# What is the best water flow rate for water drip coffee maker?



## daio7 (Feb 25, 2014)

I am now doing a project to optimizing the energy use of coffee machine by inverstigating the mass flow rate. I have to run

plenty of project to gather data of power input vs mass flow rate of water to find out the optimization rate. These

experiments I have done but now i face a problem. One of the objective of my project is to obtain the approriate mass flow

rate of water that can brew coffee with good flavor.

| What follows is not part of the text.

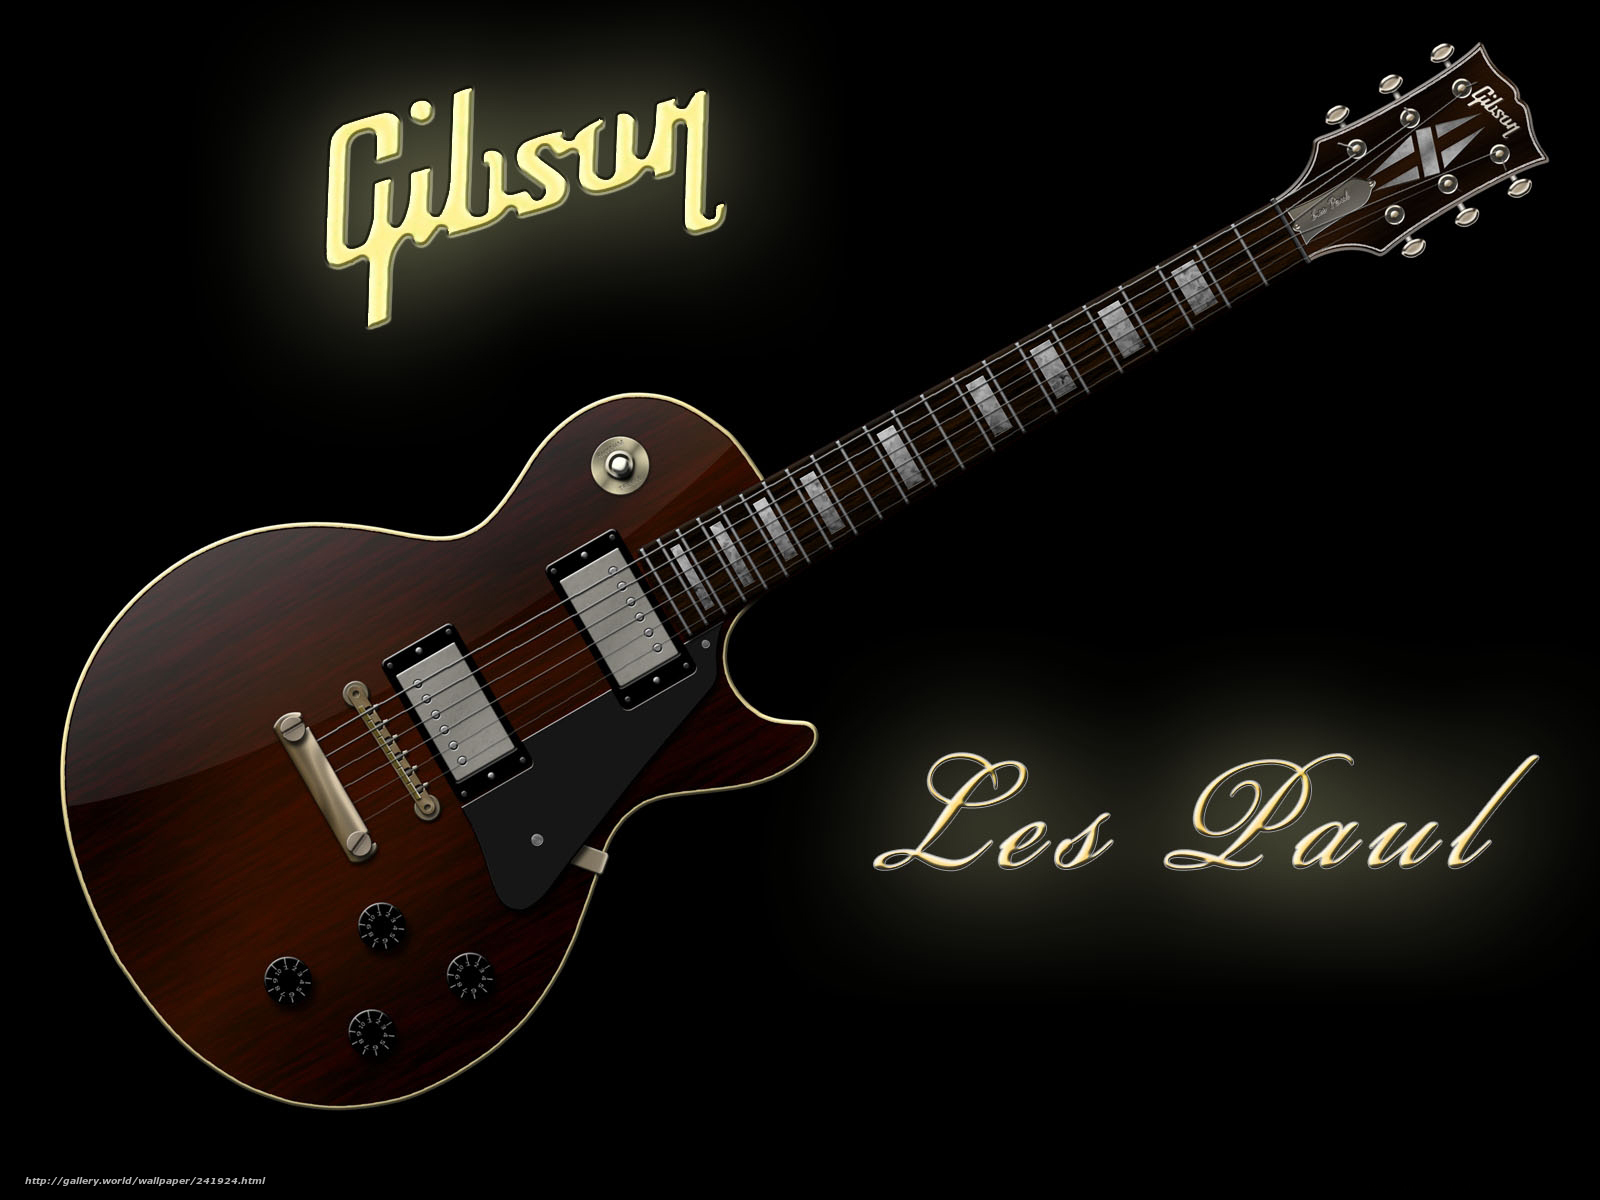 Wallpaper Guitar Gibson

What is the mass flow rate of water that can make sure brewed coffee is in good flavor? Is there any article or study about

these?


----------



## johnrubin (Mar 14, 2014)

Flow rate is really just the tip of the iceberg for drip coffee. Check out this article/chart for lots of detailed info on the subject.


----------



## Mrboots2u (May 10, 2013)

johnrubin said:


> Flow rate is really just the tip of the iceberg for drip coffee. Check out this article/chart for lots of detailed info on the subject.


What chart or article are you referring too .


----------



## johnrubin (Mar 14, 2014)

I refer Coffee brewing - SCAA


----------



## MWJB (Feb 28, 2012)

Flow rate is dependent on grind size distribution/incidence of fines for a given dose/brewer/filter. There's no one answer, one affects the other.


----------